Question

How do you find the slope and intercept to graph `y = 5x - 9`?

Answer 1

Looking at the `m` and `c` values of the equation.

Explanation:

General Form of a Straight Line Equation
The general form of an equation for a straight line is `y=mx+c` In your case `m=5` and `c=-9`

The Gradient or 'Slope'
`m` tells us the gradient or 'slope'. In your case this is 5, which means for every one coordinate you move along on the `x` axis, your line will move up 5 coordinates in the `y` axis.

The `y` Intercept
As for the `y` intercept, this is given by the value of `c`. In your case this is -9. Since we know that `x=0` on the `y` axis then we know -9 is reffering to the `y` coordinate.
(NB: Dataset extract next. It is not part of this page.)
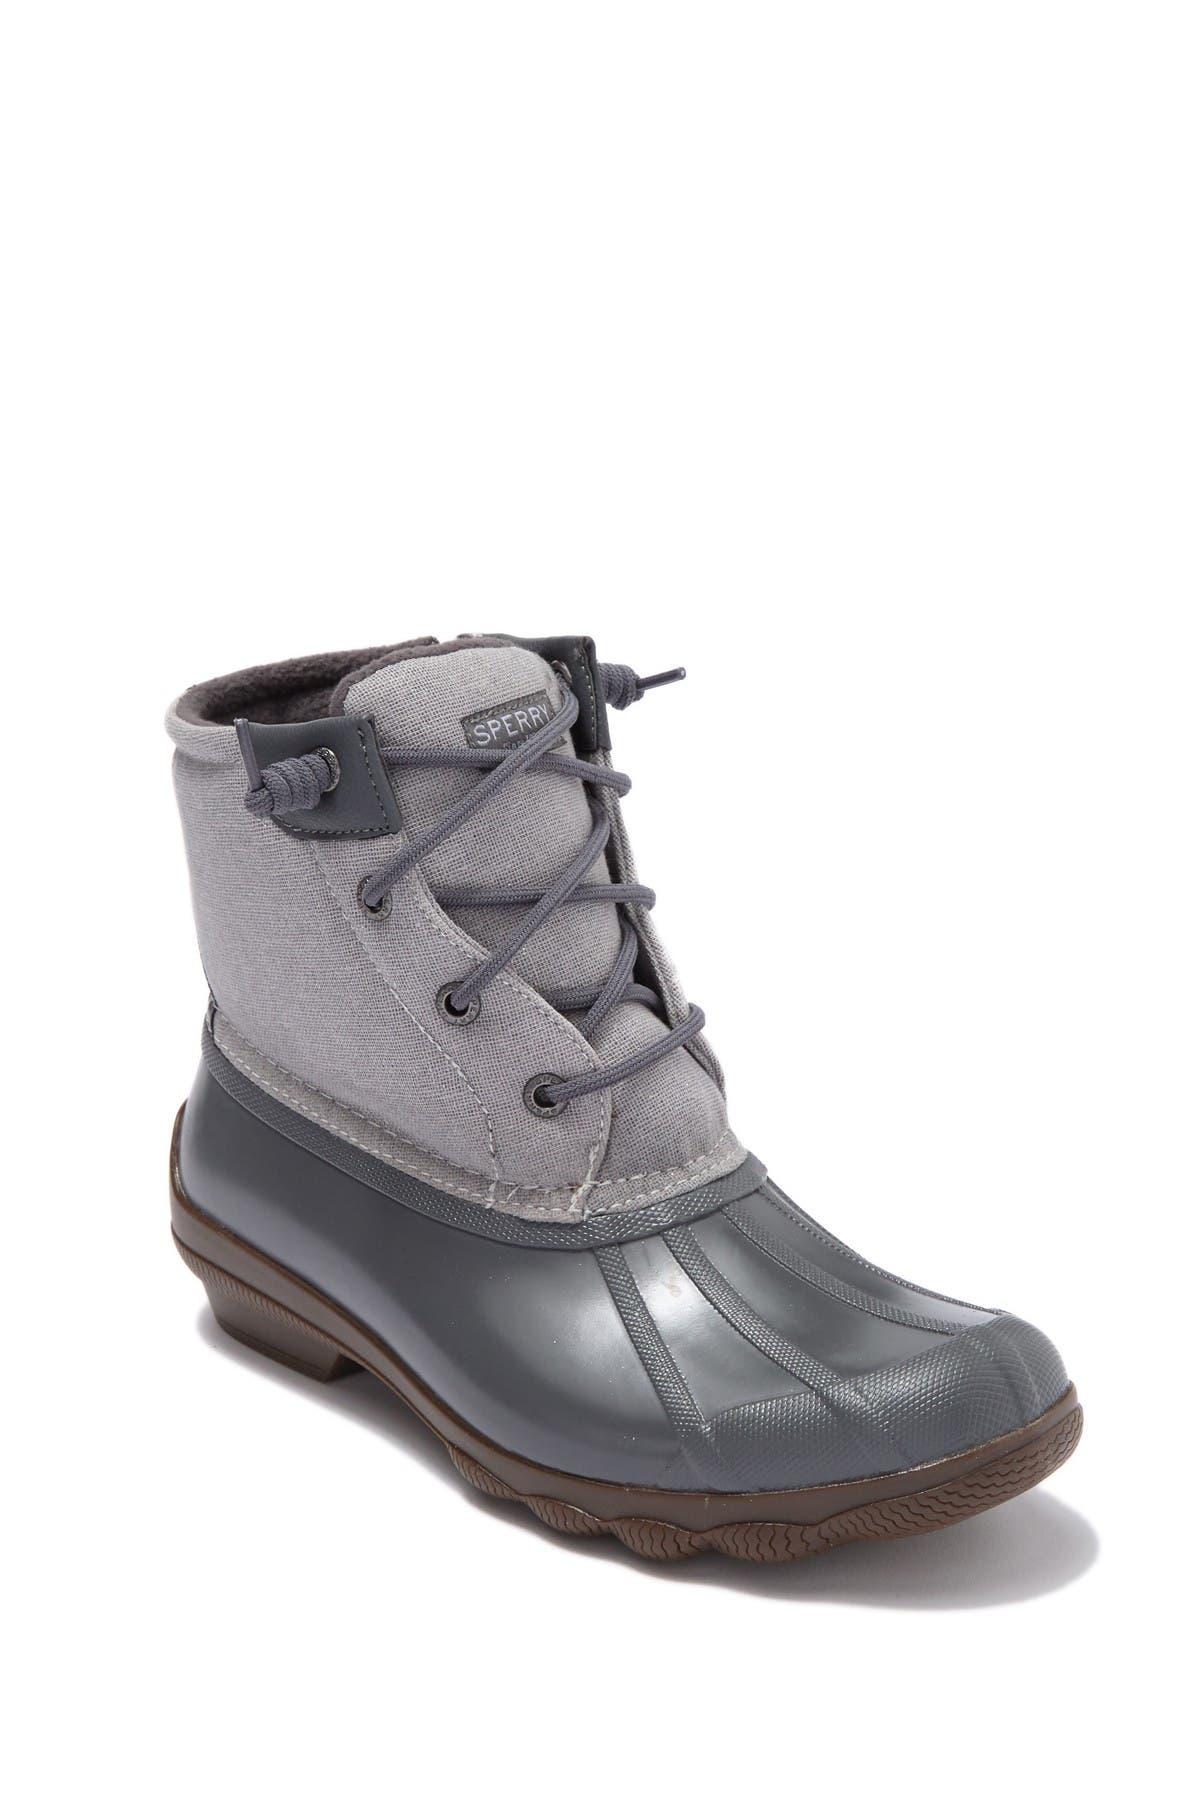 Syren Metallic Canvas Duck Boot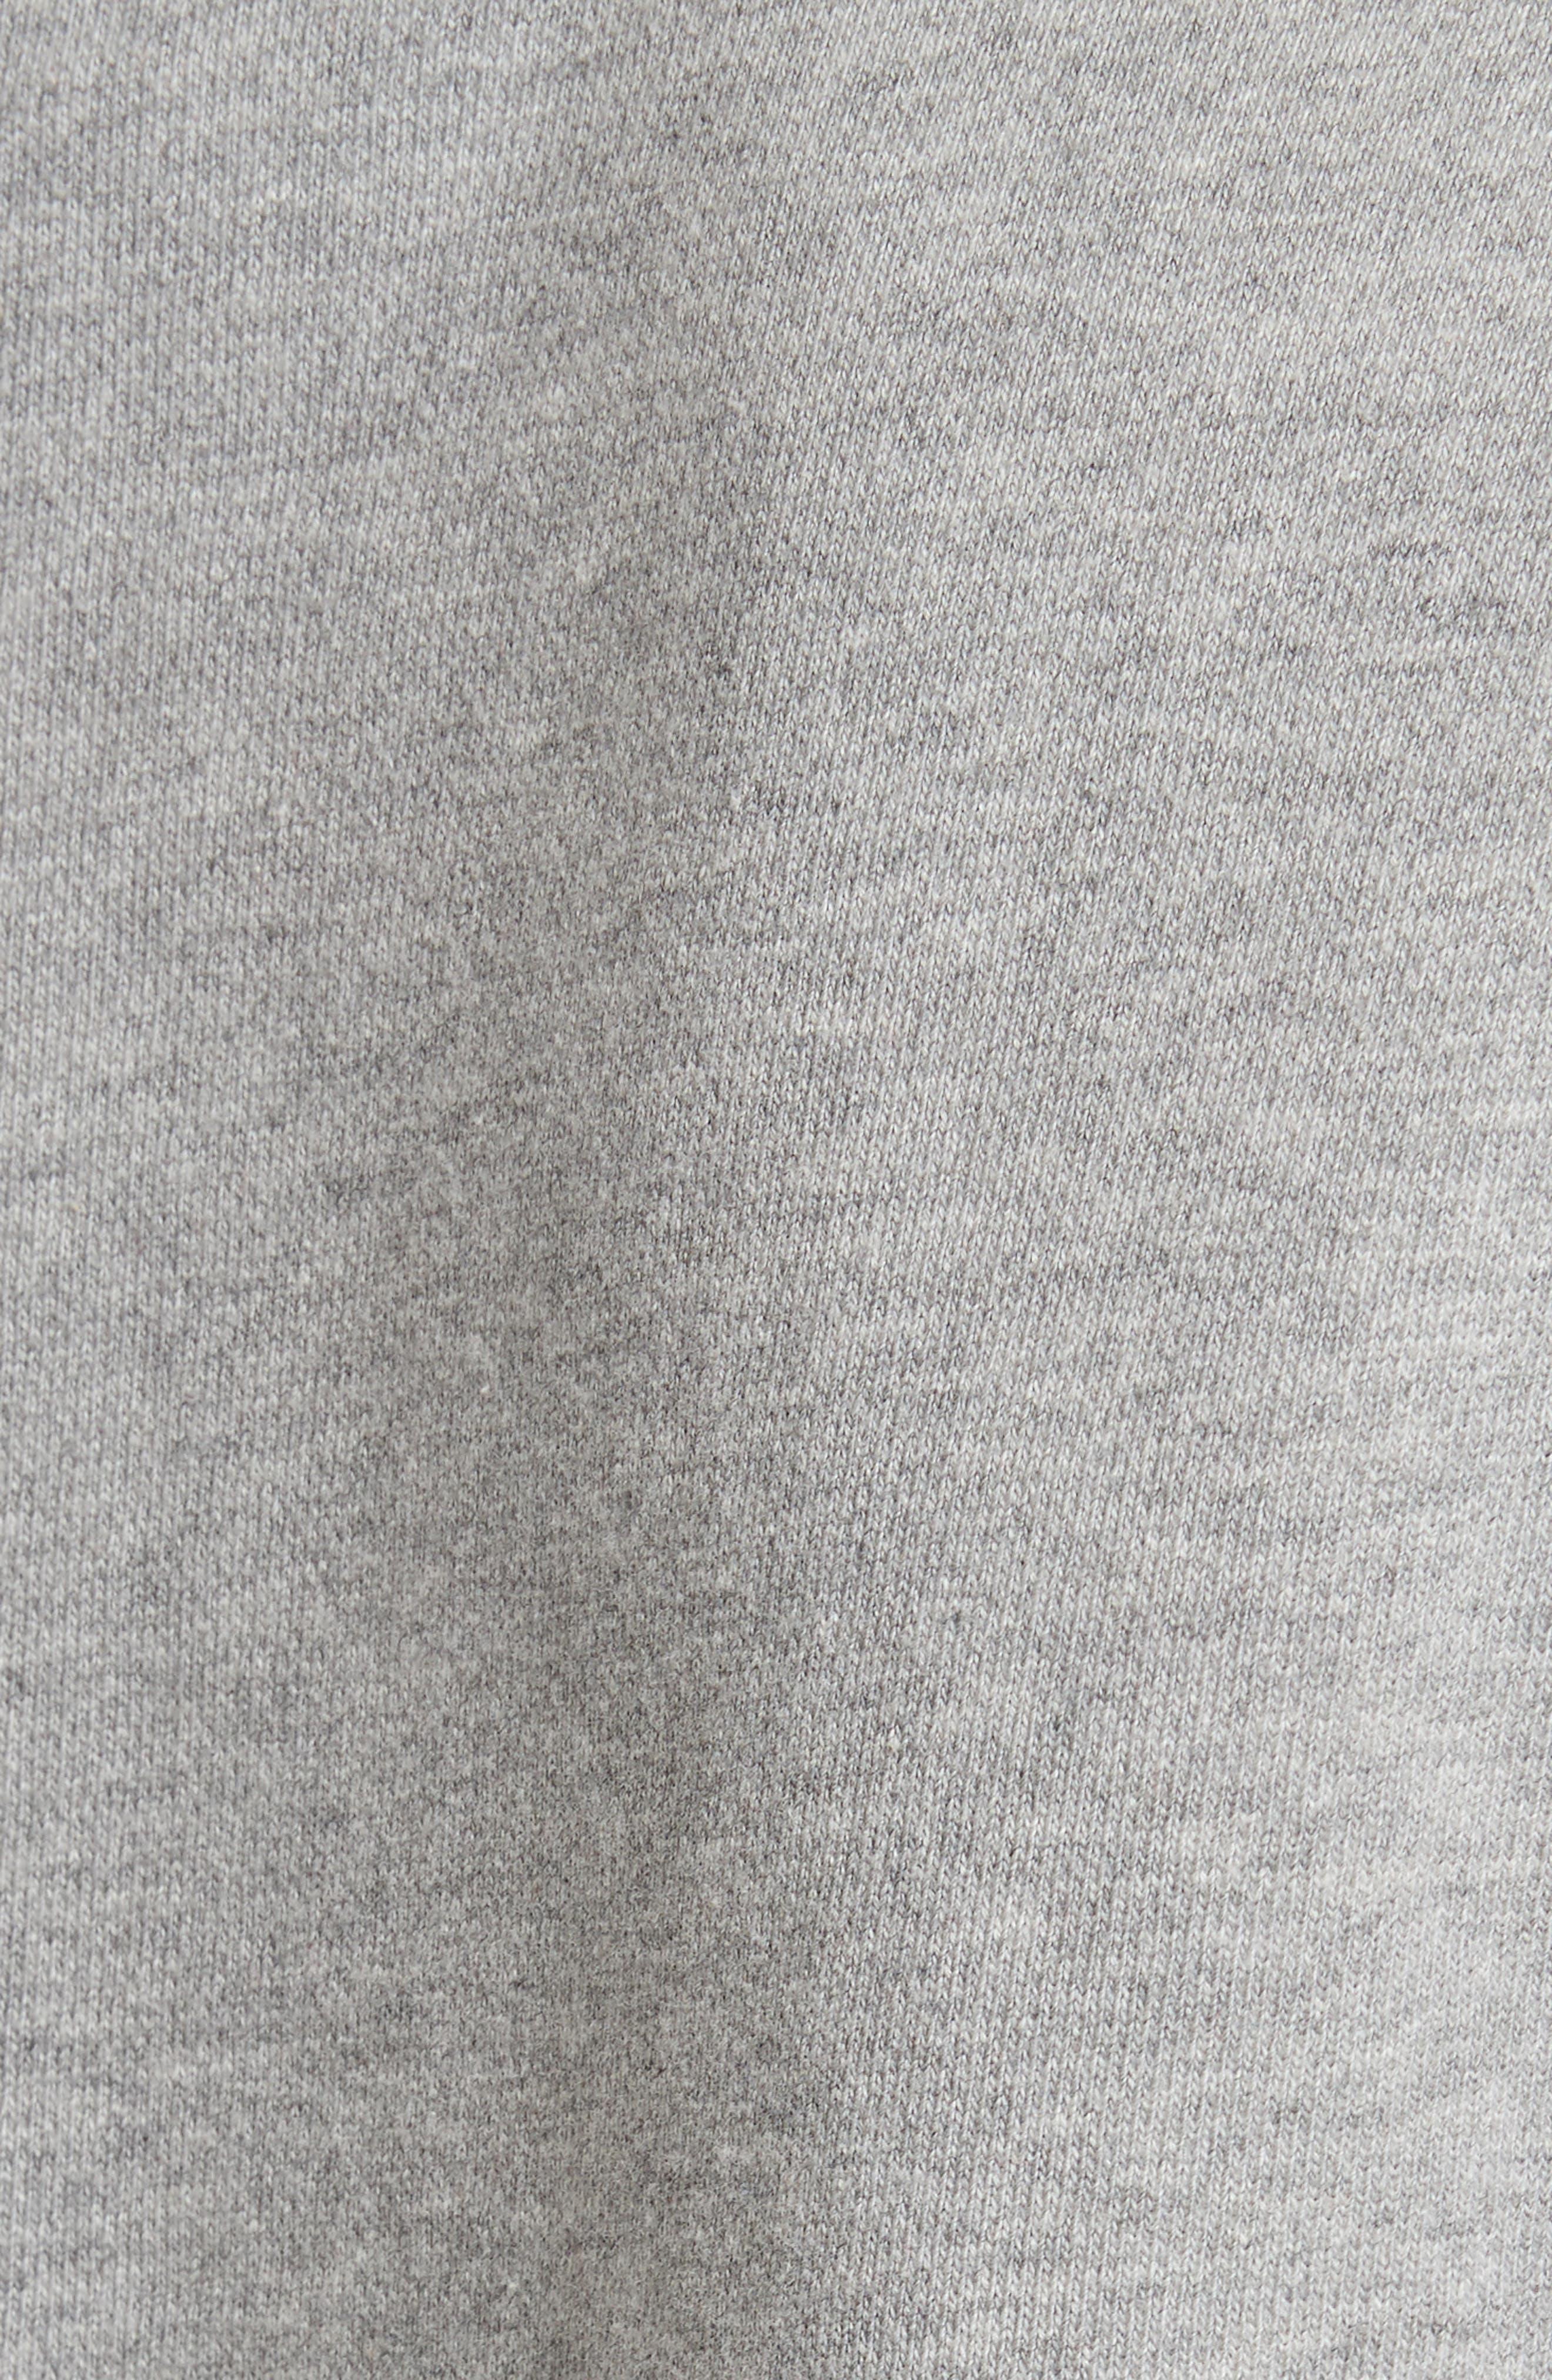 Pierced Sleeve Sweatshirt,                             Alternate thumbnail 5, color,                             031

This means the `y` intercept is at the coordinate `(0,-9)`

The `x` Intercept
If you want to figure out the `x` intercept as well then follow the method below.

On the `x` axis we know that `y=0` we can put this into our equation and rearrange to find the value for `x` at this point.

`0=5x-9`
`9 = 5x` (Add 9 to both sides)
`9/5 =x` (Divide by 5 on both sides)

We know know `x = 9/5` or `x=1.8`

So the `x` intercept is at the point `(1.8,0)`

This should be enough information to draw the graph!

Answer 2

See the explanation.

Explanation:

`y=5x-9` is in slope-intercept form for a linear equation, `y=mx+b`, where `m` is the slope and `b` is the y-intercept.

By definition, `5` is the slope or `(5/1)`, and the y-intercept is `-9`.

The y-intercept is the value of `y` when `x=0`.

`y=5(0)-9=-9`
The point is `(0,-9)`

The x-intercept is the value of `x` when `y=0`.

`0=5x-9`

Add `9` to both sides.

`9=5x`

Divide both sides by `5`.

`9/5=x`

Switch sides.

`x=9/5=1.8`
The point is `(9/5,0)`

You can plot the x and y-intercepts and draw a straight line through the two points.

graph{y=5x-9 [-14.49, 17.53, -11.41, 4.61]}